植物の持つ防御機構についての最新の知見とプラントディフェンスアクティベーター(植物防御機構活性化剤)についての最新の知見を総合的に学習ができるコンテンツです。

第3章:植物の病害防御機構

第3章 植物の病害防御機構(1)

第一章で、植物の周りには膨大な数の微生物が棲みついているがそれでもほとんどの微生物が植物に感染できないのは、植物に侵入し発病させる能力(侵害力と病原力)をもっている微生物が少ないことに加え、植物が、(1)潜在的な抵抗性をもっているため、(2)微生物の侵入を察知して能動的に防御システムを働かせる能力をもっているためであると述べました。
(1)の潜在的な抵抗性は、宿主植物の葉や組織の表面構造の特徴あるいはそこに含まれる抗菌成分などにより微生物の侵入を防ぐもので、微生物と遭遇する前からもっている既存の形質が抵抗性に関わることから「静的(受動的)抵抗性」とよばれています。一方、(2)は、微生物が侵入しようとするときあるいは侵入後に新しく発動させる植物の抵抗反応で「動的(能動的)抵抗性」とよばれています。
植物が進化の過程で獲得してきた病原菌の侵入・感染に対する防御機構について、静的抵抗性および動的抵抗性に分けて述べます。

静的抵抗性

1.物理的抵抗性

植物の表皮から直接侵入する病原菌に対しては、表皮の厚さ・硬さは物理的な抵抗性の要因となります。
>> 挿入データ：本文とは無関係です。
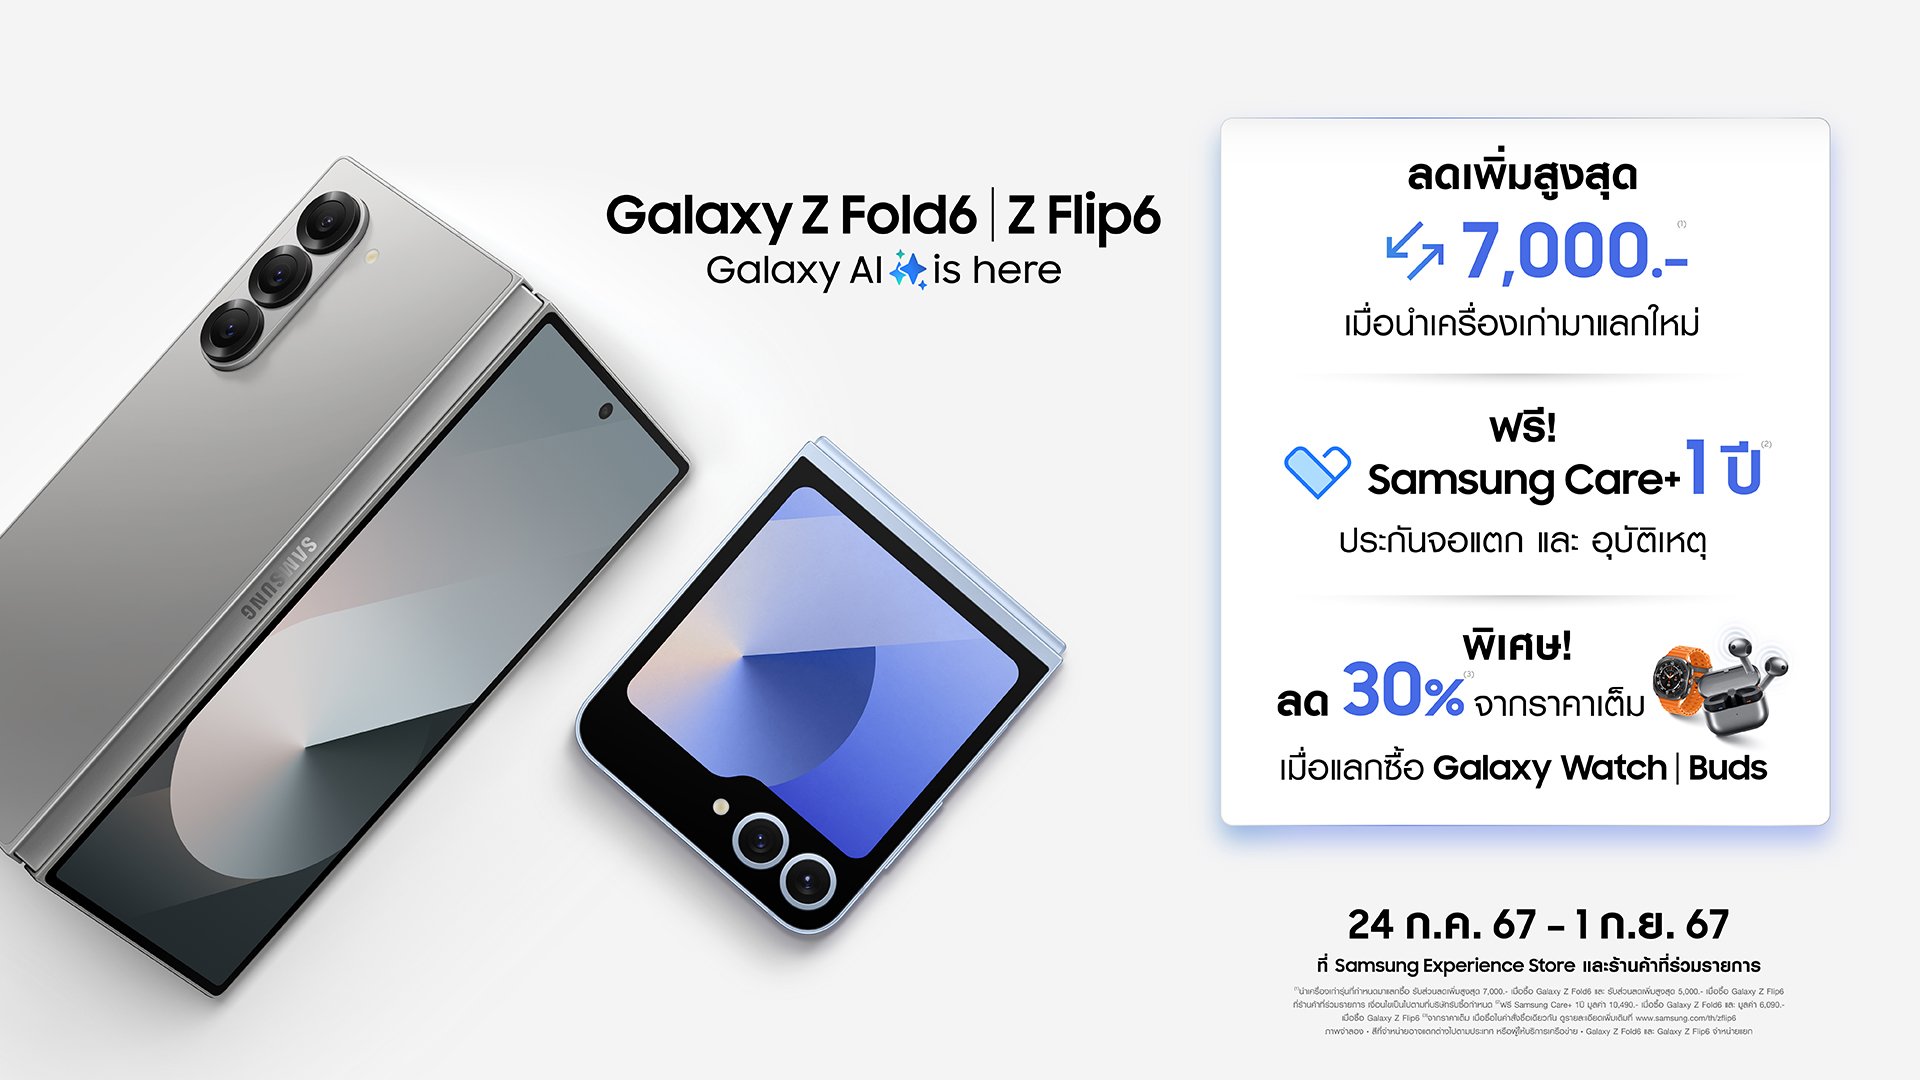 ใหม่! Galaxy Z Fold6 l Z Flip6 สมาร์ทโฟนพับได้รุ่นใหม่ล่าสุดจากซัมซุง วางจำหน่ายอย่างเป็นทางการแล้ว! ซื้อวันนี้ รับสิทธิพิเศษ 3 ต่อ!

また、植物の葉の表層は水をはじく性質をもったワックスなどから成るクチクラで保護されているため、胞子の発芽や侵入に水を必要とする病原菌に対しては、ワックス層の発達は抵抗性の原因となります。イネいもち病菌は主として葉の表面にある機動細胞(水分が欠乏すると膨圧を失って収縮し、葉を内側に巻いて蒸散を防ぐ役割をする細胞。細胞壁には土壌から吸収した珪酸が沈積する)から侵入しますが、機動細胞の珪質化が進むと侵入抵抗性が強くなります。

2.化学的抵抗性

植物成分の中には抗菌性を示すものがあり、これを高濃度で含有する場合は抵抗性の原因となります。植物の抗菌成分としては、カテキン、タンニン酸、クロロゲン酸、フラボノイドなどのポリフェノール性物質、各種サポニン、テルペン類などが知られています。クロロゲン酸は意外と身近な物質で、リンゴやジャガイモの皮をむいてしばらく放置しておくと茶色に変化してくるのは、含まれているクロロゲン酸が徐々に酸化されるからです。ニンニクの臭いのもととなる含硫黄物質アリシンや、カラシナの辛味物質アリルカラシ油にも抗菌作用があり、これらも微生物の侵入を防ぎます。青酸化合物と糖が結合した青酸配糖体は、2千を越える植物に含まれています。病原菌の侵入などにより細胞が傷つくと酵素により分解されて青酸配糖体から青酸が遊離し、それが病原菌の生育を阻害します。かって子供が未熟ウメを食べて発生した中毒事故も、同じ原理によって遊離した青酸によるものです。
植物病原菌の中には、植物の細胞壁を酵素で分解したり、胞子から植物毒素を分泌して侵入を容易にする機能をもっているものがいます。これらの酵素や毒素の働きを阻害することのできる植物は、抵抗性となります。例えば、トウモロコシのある品種は、北方斑点病菌(Helminthosporium carbonum)が分泌する植物毒素を無毒化する酵素をもっているので、この病原菌に対し抵抗性があります。また、日本ナシの「長十郎」は「二十世紀」と異なり、ナシ黒斑病菌(Alternaria alternata)が分泌するAK毒素に対する受容体をもっていないので、本病に対し抵抗性を示します。植物病原菌から分泌されたペクチナーゼは植物の細胞壁を構成しているペクチンを分解しますが、本酵素は、タンニンなどの植物成分により阻害されます。
イネの葉は抽出してから2週間ほど経過するといもち病菌を接種しても感染しにくくなります。これは、時間の経過とともに珪酸の沈積の進行などにより葉が硬くなり、さらに細胞内のフェノール性の抗菌性物質の濃度が高くなったためと考えられます。静的抵抗性のひとつひとつの要素は、抵抗性としては小さなものでしかありませんが、いくつかが組み合わさると病原菌の侵入やその後の増殖・蔓延に影響を与えるようになります。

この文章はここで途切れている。